Tailless homologue (TLX)

TLX (human tailless homologue of Drosophila, NR2E1) is considered as a master regulator of neurogenesis and essential for CNS development. In adults, TLX is almost exclusively expressed in neural stem cells (NSCs) residing in few areas of the brain. TLX is required to maintain NSCs in an undifferentiated proliferating state. In vivo studies have demonstrated that disruption of TLX expression causes behavioural deficits (aggressiveness, impaired cognitive functions, bipolar disorder, schizophrenia) and malformation of brain structures. Therefore, TLX appears as a very promising target to counteract neurodegenerative disorders. TLX ligand discovery, however, is at a very early stage as only few small molecules are known to bind or modulate TLX. To close this gap, we search for new TLX ligand chemotypes and optimize them towards potent and selective TLX modulators that are useful as pharmacological tools and enable target validation of TLX.

Farnesoid X receptor (FXR)

The farnesoid X receptor (FXR) is a bile acid activated transcription factor with high expression levels in liver, intestine and kidney. It acts as important liver protector and has been identified as therapeutic target for hepatic and metabolic diseases. We aim to develop FXR ligands with a designed polypharmacology profile meaning that they simultaneously modulate a second mode-of-action target. Therein, we select pharmacodynamic activities that hold promise to generate synergies with FXR modulation in non-alcoholic steatohepatitis (NASH) such as inhibition of soluble epoxide hydrolase (sEH) and activation of peroxisome proliferator-activated receptor δ (PPARδ).

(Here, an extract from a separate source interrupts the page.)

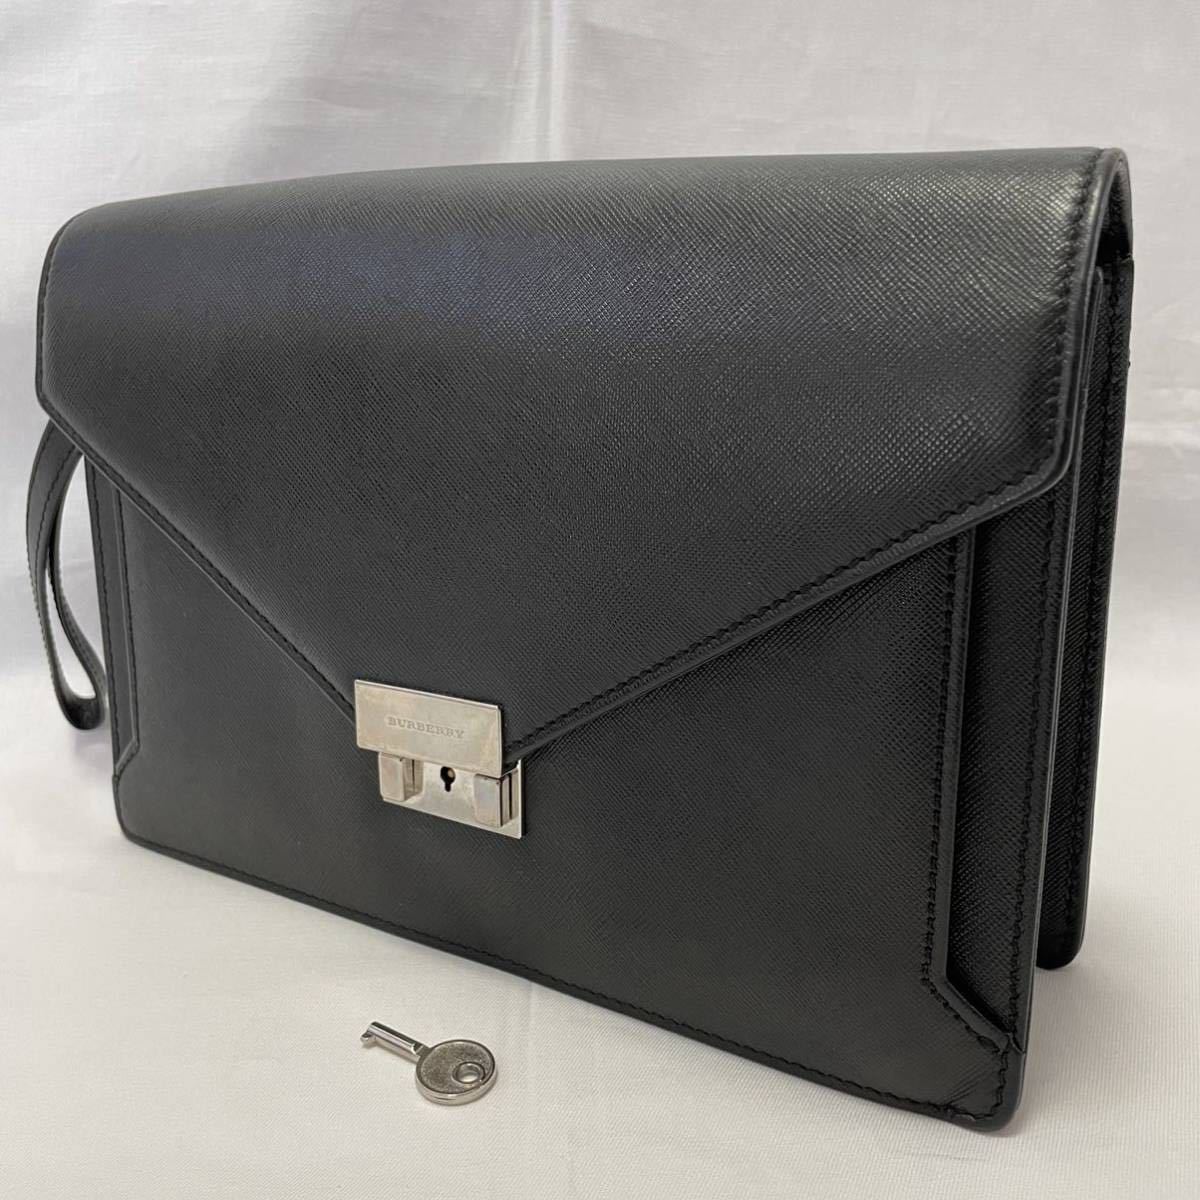 BURBERRY Burberry клатч ручная сумочка кожа кожа ключ имеется серебряный металлические принадлежности черный чёрный

Peroxisome proliferator-activated receptors (PPARs)

Peroxisome proliferator-activated receptors (PPARs) are key regulators of lipid and glucose metabolism. PPARα is a major regulator of β-oxidation and lipid transport in liver and other tissues with high lipid metabolic activity. PPARγ is highly expressed in adipose tissue where it governs adipocyte differentiation, adipose tissue homeostasis, lipid metabolism and insulin sensitivity. Ubiquitously expressed PPARδ controls fatty acid utilization for energy generation in skeletal muscle. In addition, PPARs are also found in immune cells and involved in inflammatory processes. While PPARα and PPARγ have relevance as drug targets and many PPAR agonist chemotypes have been developed, knowledge on endogenous PPAR modulators is still limited. In this field, we focus on the discovery of naturally occurring PPAR ligands and on the development of allosteric PPAR binders with selective modulatory properties.